Шрифт:
И почти пропустил появление Маритт. В простом темном платье с коротким рукавом и бальной прическе, она сползла с коня, выскользнув из рук барона и бросилась внутрь лазарета. Он заторможенно наблюдал за всем этим, оставаясь в стороне от основных событий – в полумраке плаца. И слышал, как в прозрачном вечернем воздухе звонко разнесся напряженный женский голос:
– Свечи! Здесь недостаточно света, Жак. Вы собираетесь шариться в темноте? Нам понадобятся все три стола.
– Де Фиенн? Доставить сюда шандалы из бального зала, - коротко приказал маркиз, - десяток пятисвечников. Исполнять немедленно.
Адъютант в свою очередь исчез в подступающей темноте и вскоре раздался быстро удаляющийся стук копыт.
– Пройдемте ближе, - скомандовал маркиз и, будто зачарованный, двинулся к лазарету.
Там царила суета… Два молодых солдата освобождали раненых от одежды, просто срезая её и сбрасывая на пол.
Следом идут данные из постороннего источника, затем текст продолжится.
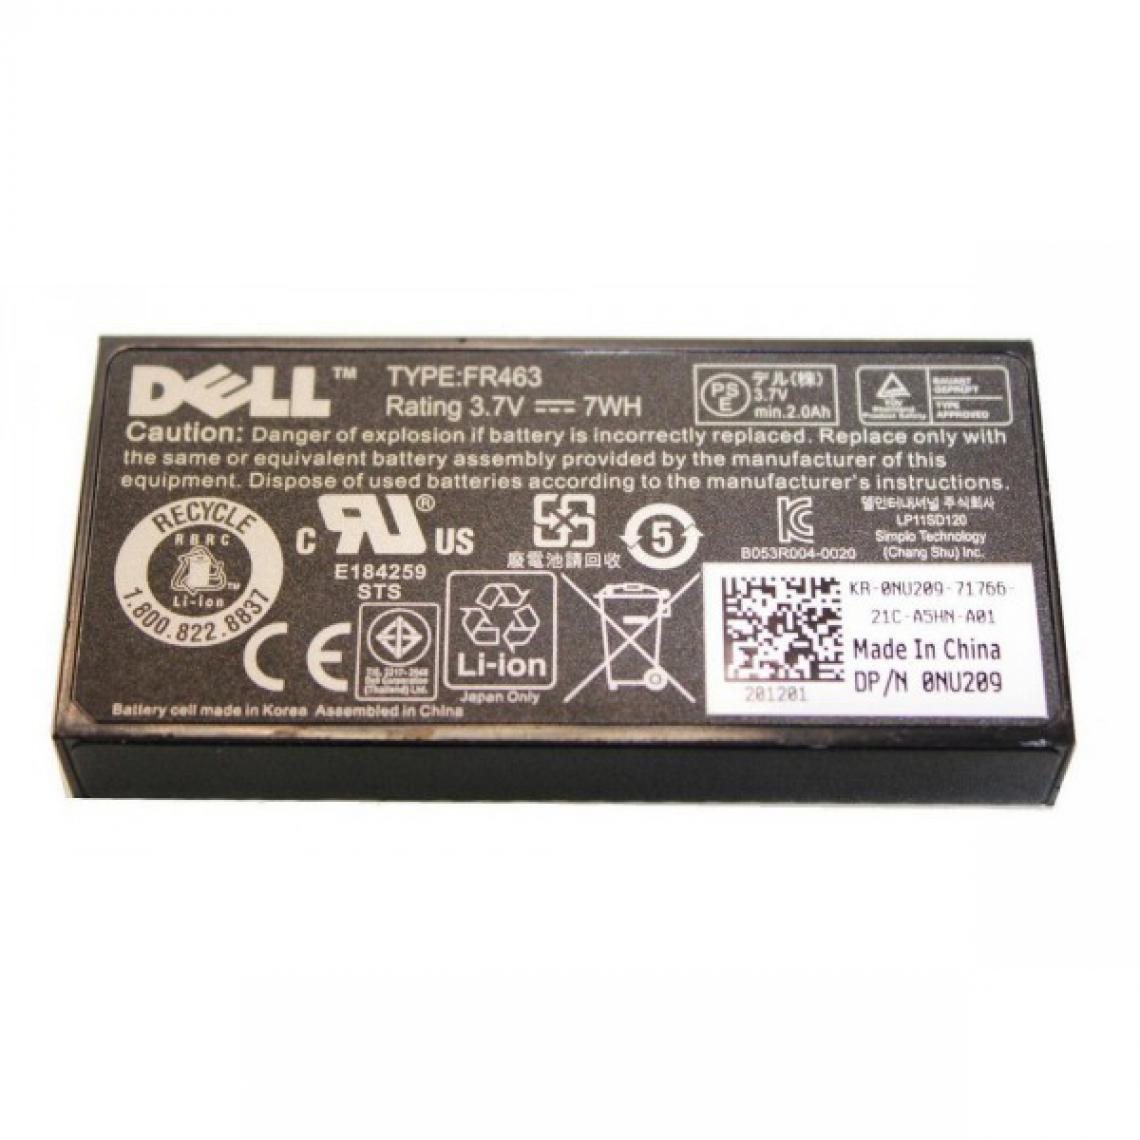 Dell - Batterie Contrôleur SAS 0NU209 FR463 Raid PERC5i Dell Serveur Pro UCP-61 Battery - Carte Contrôleur USB
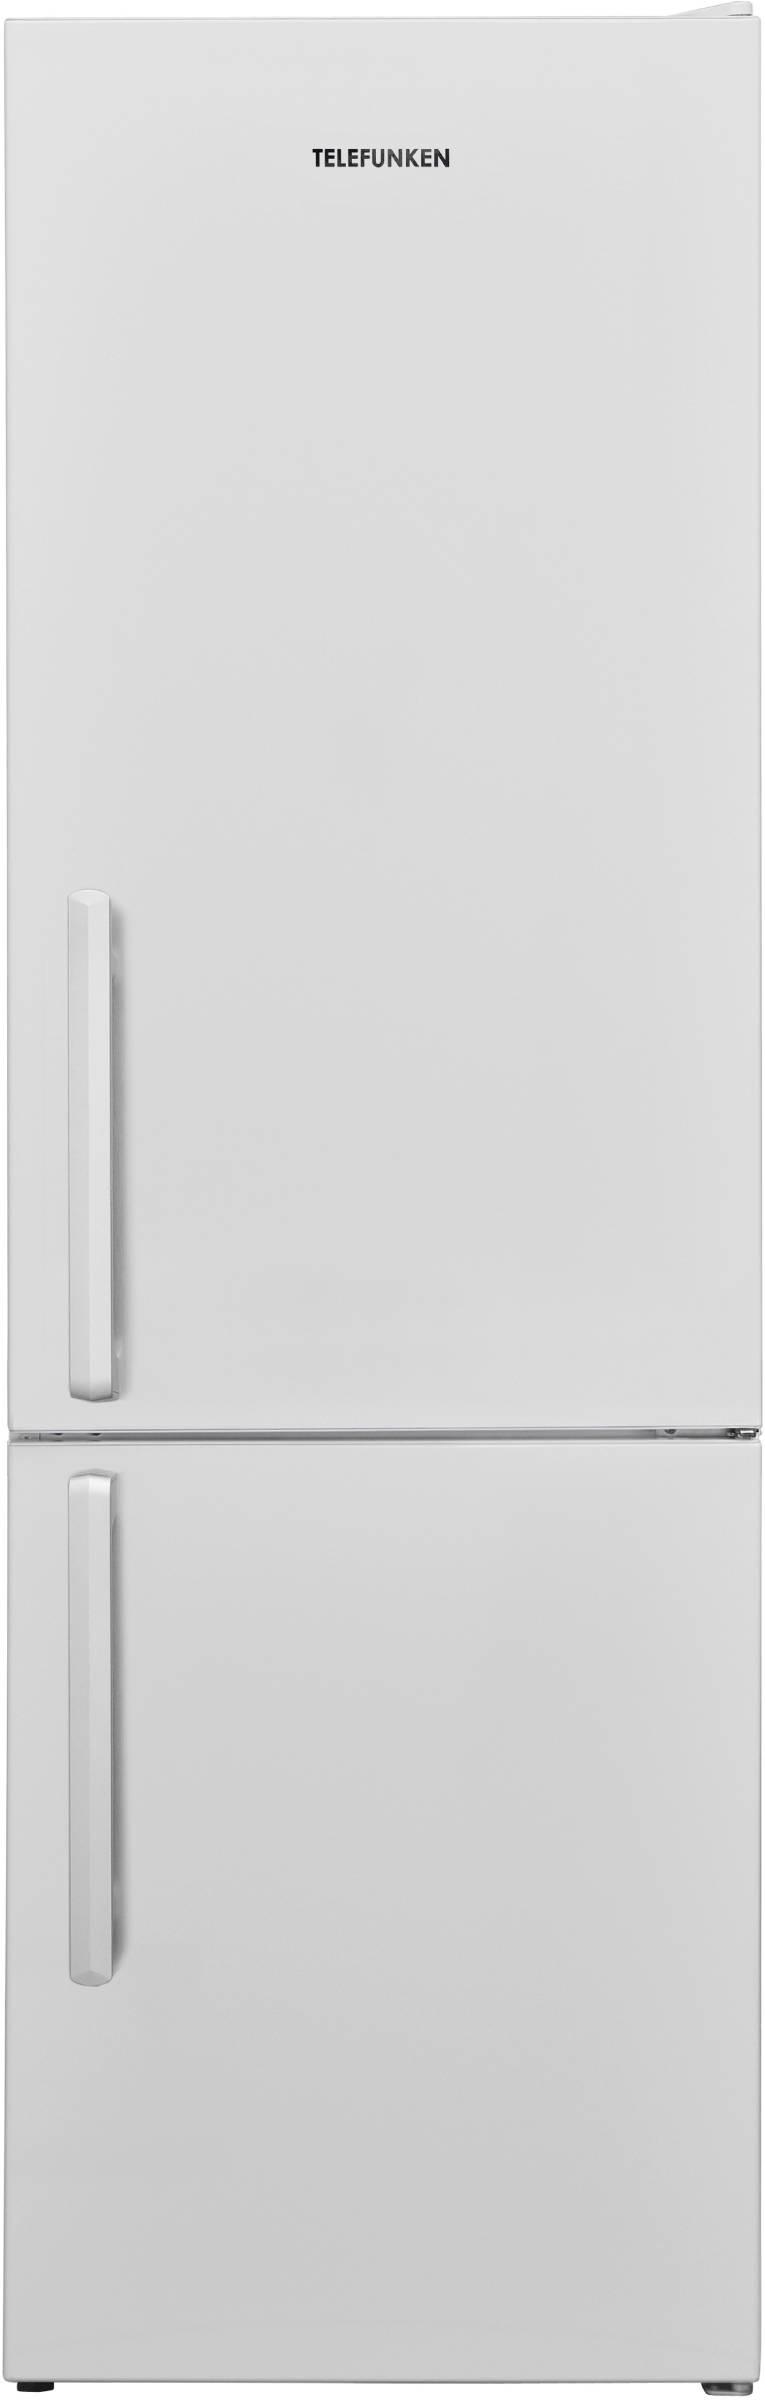 TELEFUNKEN Réfrigérateur congélateur bas Froid Statique 268L Blanc  CB268PFW

Баронесса и двое мужчин мыли руки, производя непонятные манипуляции. На расстоянии казалось, что они полируют ногти, но потом стало понятно…
– Мари, Гаррель принёс твердое мыло… лепестки жасмина и еще какая-то…
– Это все очень мило, Жак, - согласилась баронесса, - но в составе мыла есть жир. Он забьет поры на руках… а щелок сушит – да. Но он выедает из этих пор всю нечисть… Люк, где фартуки?
А дальше она развернулась к столам и последовал короткий эмоциональный возглас на незнакомом языке. По силе чувства, с каким было сказано, маркиз сильно подозревал, что это ругательство. Он не разобрал его за громкими стонами и даже криками раненных, но потом баронесса громко произнесла: - Ну вот… накаркала, ворона. Что у нас, Жак?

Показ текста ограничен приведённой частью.